2018 Inter-Provincial Cup
- Dates: 28 May 2018 – 9 September 2018
- Administrator: Cricket Ireland
- Cricket format: List A
- Tournament format: Round-robin
- Champions: Leinster Lightning
- Participants: 3
- Matches: 6
- Most runs: George Dockrell (231)
- Most wickets: George Dockrell (10)

= 2018 Inter-Provincial Cup =

Cricket tournament

The 2018 Inter-Provincial Cup was the sixth edition of the Inter-Provincial Cup, a List A cricket competition played in Ireland. It was held from 28 May to 9 September 2018. It is the second edition of the competition to be played with List A status. Leinster Lightning were the defending champions.

In the second match of the tournament, between Leinster Lightning and Northern Knights, Simi Singh and George Dockrell of Leinster Lightning set a new record partnership in List A cricket for the seventh wicket, with 215 runs.

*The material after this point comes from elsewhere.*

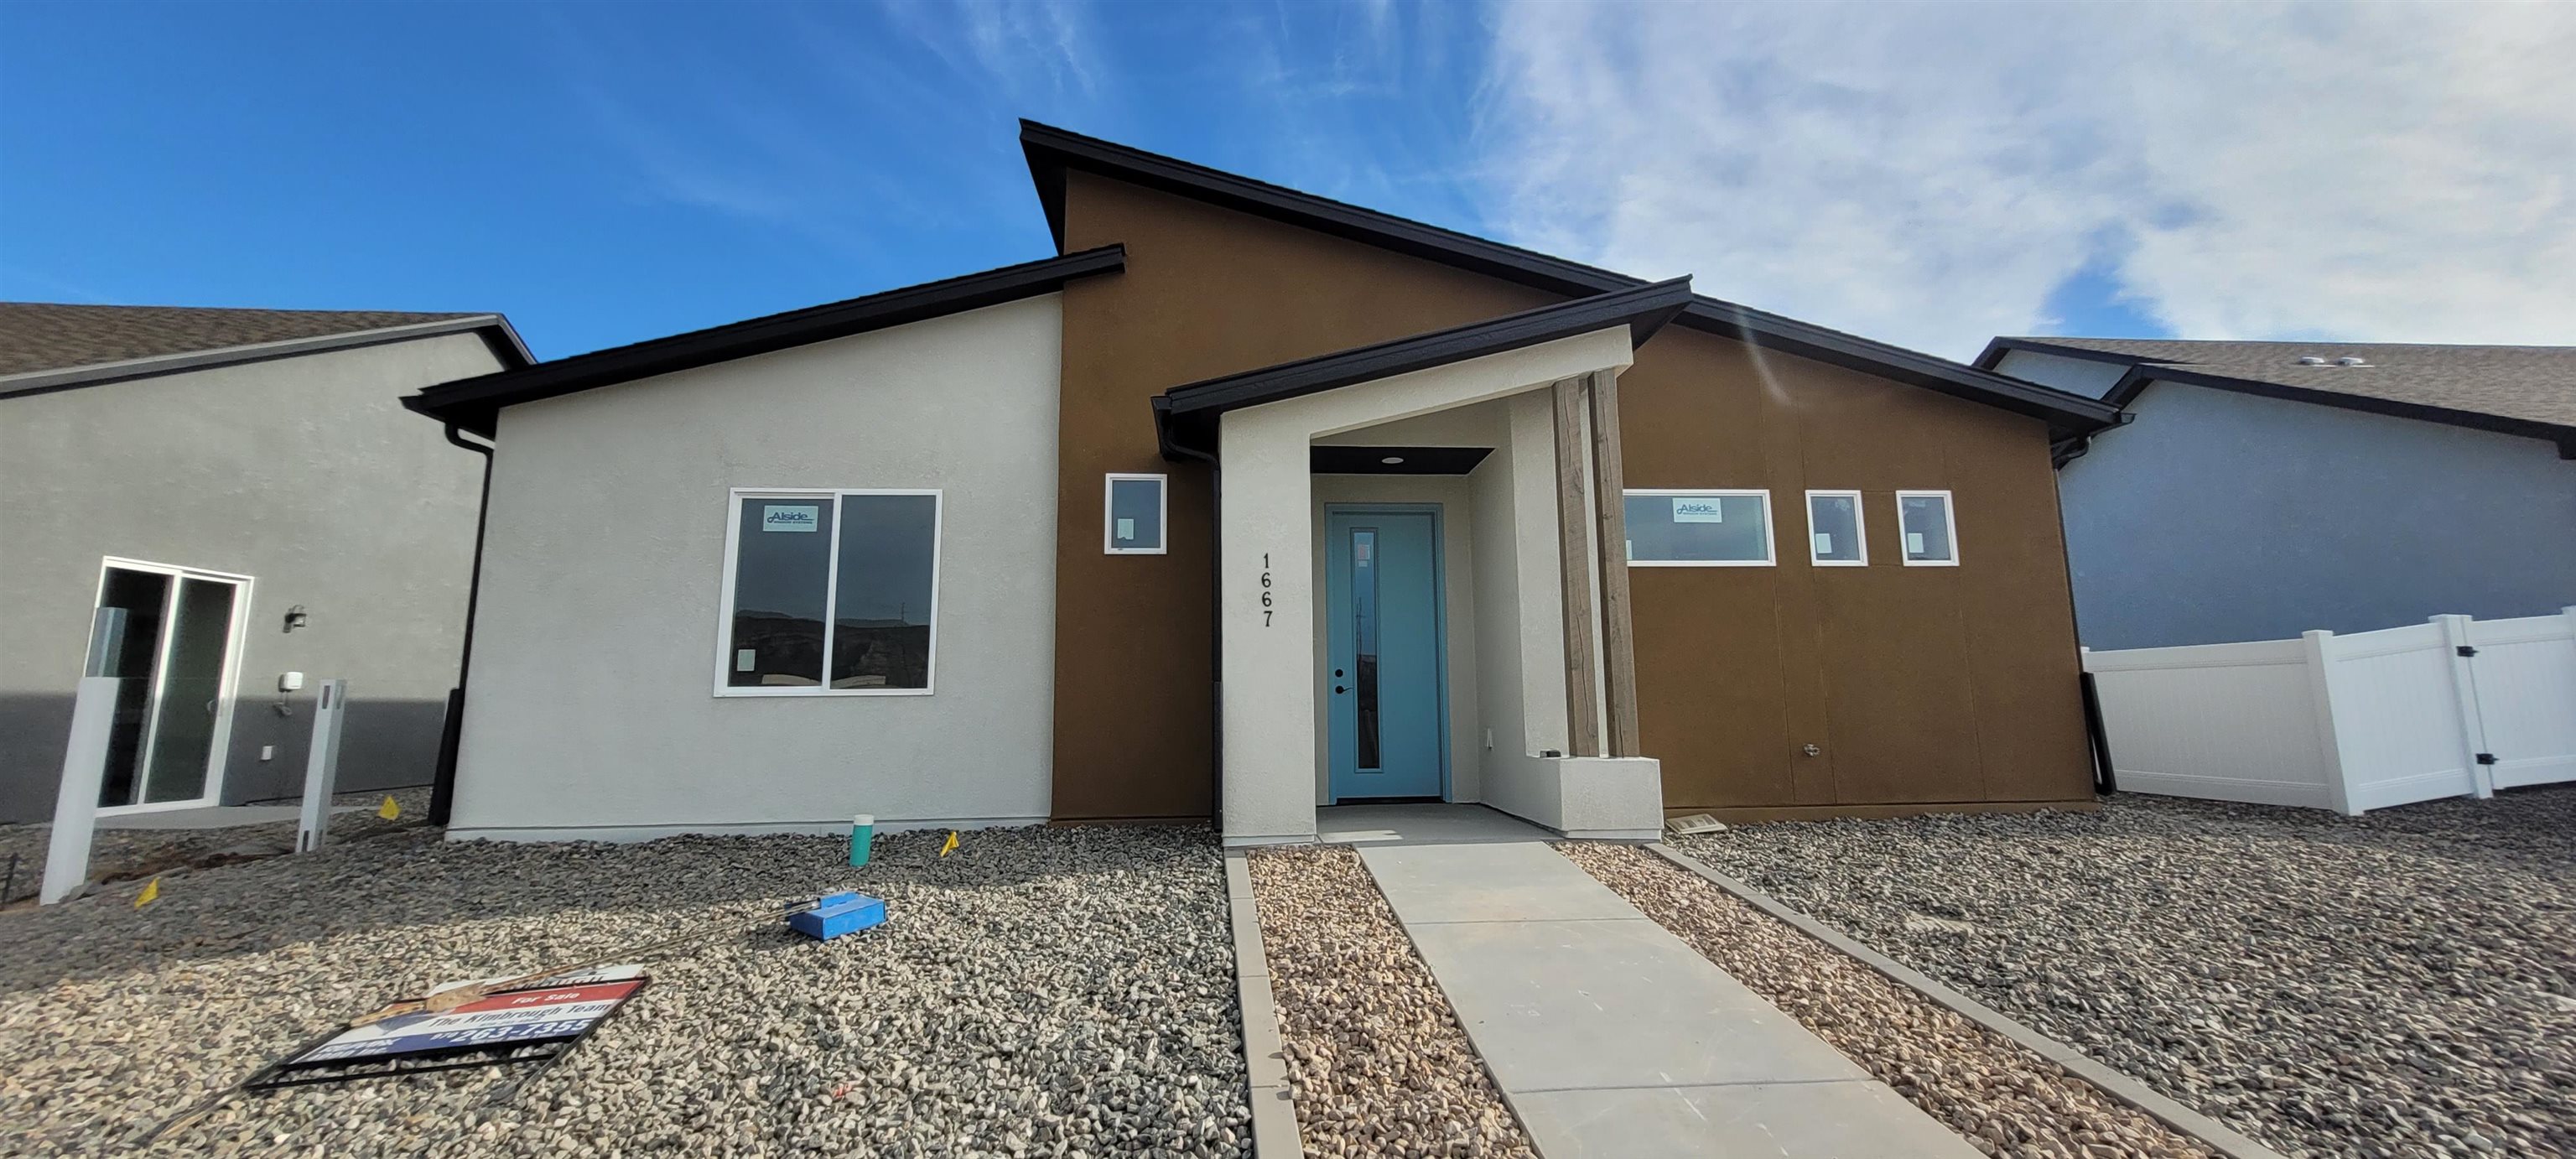 Welcome to Iron Wheel subdivision where affordability meets function! Brand new home with 1% closing costs through Seller's preferred lender (call for details). This one-of-a-kind community will have a wide variety of home types and sizes, a walking path to FMHS & easy access to both GJ & Fruita. Pricing includes xeriscaping & fencing. These well-planned homes offer maximum functional use of space, durable yet beautiful finishes & cute outdoor living spaces that require minimal maintenance. BUYER MAY HAVE TILE & FRONT DOOR COLOR OPTIONS, DEPENDING ON WHEN CONTRACTED. - Our Builder Advantage program can help you get 1% in closing costs through sellers preferred lender. Call for details. Estimated Completion 7/10/23

Leinster Lightning retained their title, after beating North West Warriors by 58 runs in the final match of the tournament.

==Points table==
The following teams competed:

| Team | Pld | W | L | T | NR | Pts |
|---|---|---|---|---|---|---|
| Leinster Lightning | 4 | 3 | 0 | 0 | 1 | 15 |
| North West Warriors | 4 | 1 | 2 | 0 | 1 | 6 |
| Northern Knights | 4 | 1 | 3 | 0 | 0 | 5 |

==Fixtures==
As with the first-class competition, the Inter-Provincial Championship, the competition format is a home and away round robin.